In re Rehabilitation of Manhattan Re-Insurance Co., C.A. No. 2844-VCP (Del. Ch. Oct. 4, 2011). Read opinion here.

Issues Addressed

Whether the Court of Chancery has original and exclusive jurisdiction over insurance rehabilitation proceedings.

If so, whether that exclusive jurisdiction permits the Court, in its discretion, to divest jurisdiction over certain claims to an arbitration panel where the parties agreed to submit to arbitration prior to one of the parties becoming insolvent.

This summary was prepared by a former associate of Eckert Seamans.

Background

Manhattan Re-Insurance Company, a Delaware insurance company, and American Motorists Insurance Company (AMICO), an Illinois insurance company, are successors-in-interest to a number of reinsurance contracts entered into during the 1970s by both companies’ predecessors.
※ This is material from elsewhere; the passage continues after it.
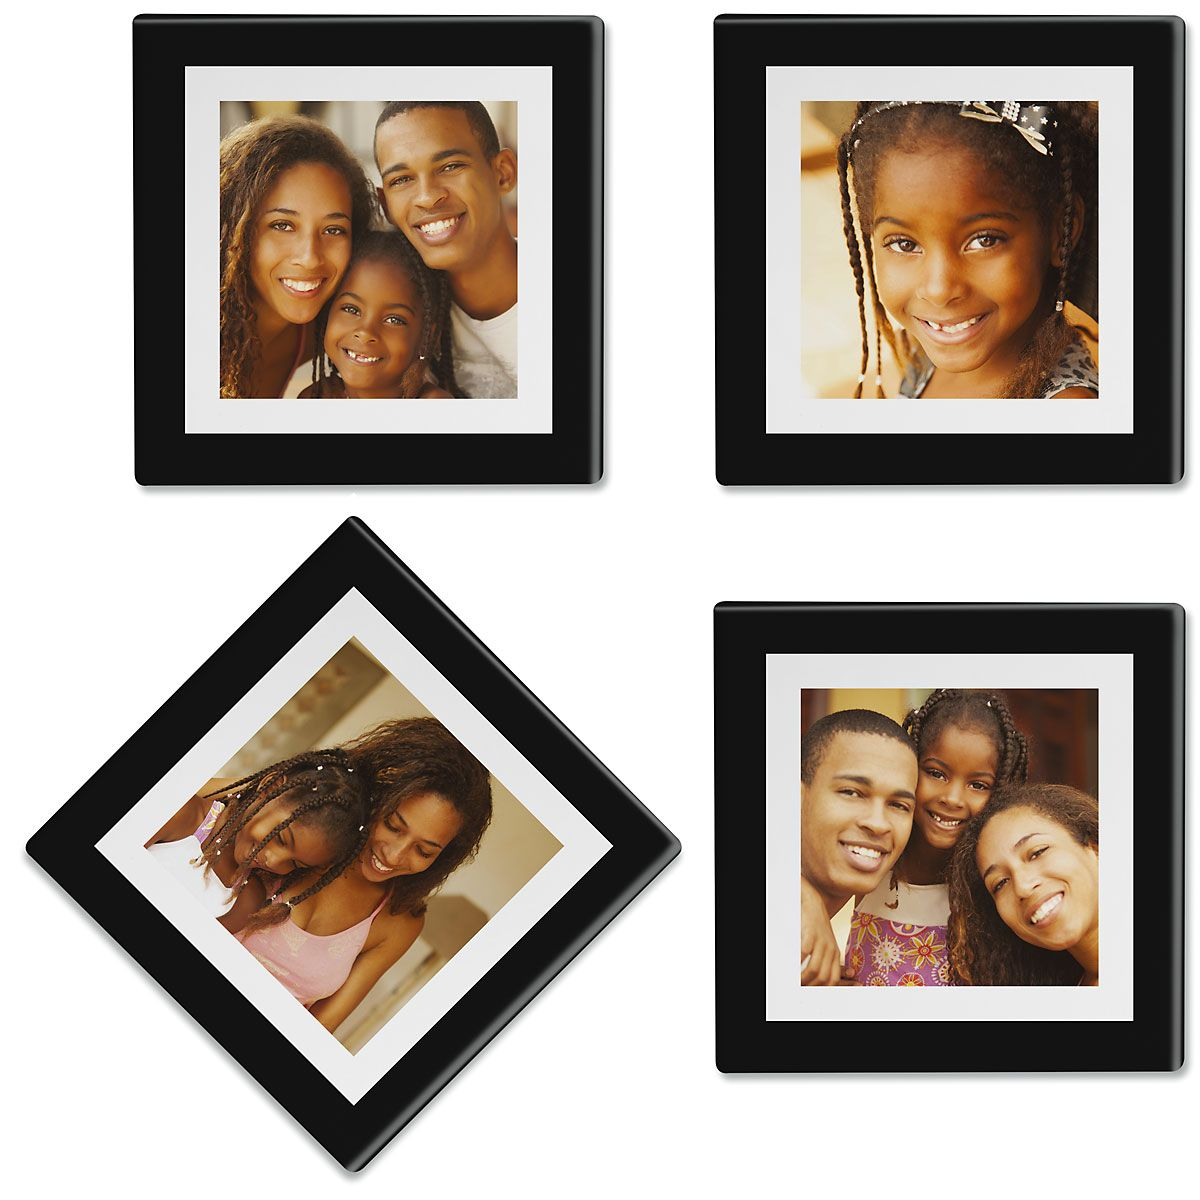 Duel Frame Photo Coasters

The contracts included a mandatory arbitration provision requiring them to submit “any irreconcilable dispute between [the parties] in connection with the[ese] Agreement[s]” to a three-member arbitration panel.

The contracts also required AMICO to maintain a letter of credit (LOC) for Manhattan Re, which Manhattan Re could draw on if AMICO defaulted on its obligations to third-party claimants. When AMICO notified Manhattan Re that it was unable to extend its LOC, Manhattan drew down the full amount of the LOC – more than $7 million – and put that money in a separate account called the AMICO Fund.

In 2007, Manhattan Re became insolvent and subsequently proposed rehabilitation. The Court of Chancery appointed a receiver to handle the rehabilitation. In its plan of rehabilitation, the receiver proposed that Manhattan Re use the AMICO Fund as unrestricted assets to satisfy the claims of all creditors. AMICO objected to the plan, contending that the AMICO Fund is restricted cash collateral that can only be used to pay AMICO’s reinsurance obligations as the reinsurer for Manhattan Re. Additionally, AMICO “moved to refer the parties to arbitration for a binding determination of ‘the proper amount of the AMICO Fund and the specific rights and obligations of the [r]eceiver and AMICO with respect thereto,” and for a preliminary injunction prohibiting the receiver from distributing those funds during the arbitration.

Legal Analysis

As a matter of first impression, the Court considered Delaware’s Uniform Insurers Liquidation Act (UILA), found within 18 Del. C. §§ 5901-5932, and determined that the legislature intended to give the Court of Chancery “original and exclusive jurisdiction over the in rem proceedings of the rehabilitation, [but] does not give the Court of Chancery exclusive jurisdiction over all claims brought against the insolvent insurer,” such as in personam claims.

The Court noted that while the statute does not explicitly confer exclusive jurisdiction on the Court of Chancery, the statutory scheme suggests that the Court’s in rem jurisdiction is exclusive, and the jurisdiction over collateral proceedings is permissive; the main goal being the orderly liquidation or rehabilitation of the insurer.

AMICO’s claims against Manhattan Re were in personam claims, which the Court held could be referred to arbitration (pursuant to the original contracts executed in the 1970s between both parties’ successors). The Court could have decided to adjudicate the claims; however, because the parties previously agreed to arbitrate in a valid contract, and an arbitration panel is a “court” of competent jurisdiction, there was no reason to interfere with the terms negotiated and agreed by the parties. Further, the receiver assumes the position of the company and is obligated to honor the agreements of its predecessor.

The Court ruled that the receiver could continue to resolve the claims against Manhattan Re during the pendency of the arbitration, but stayed consideration of the receiver’s plan of rehabilitation until the arbitration was complete.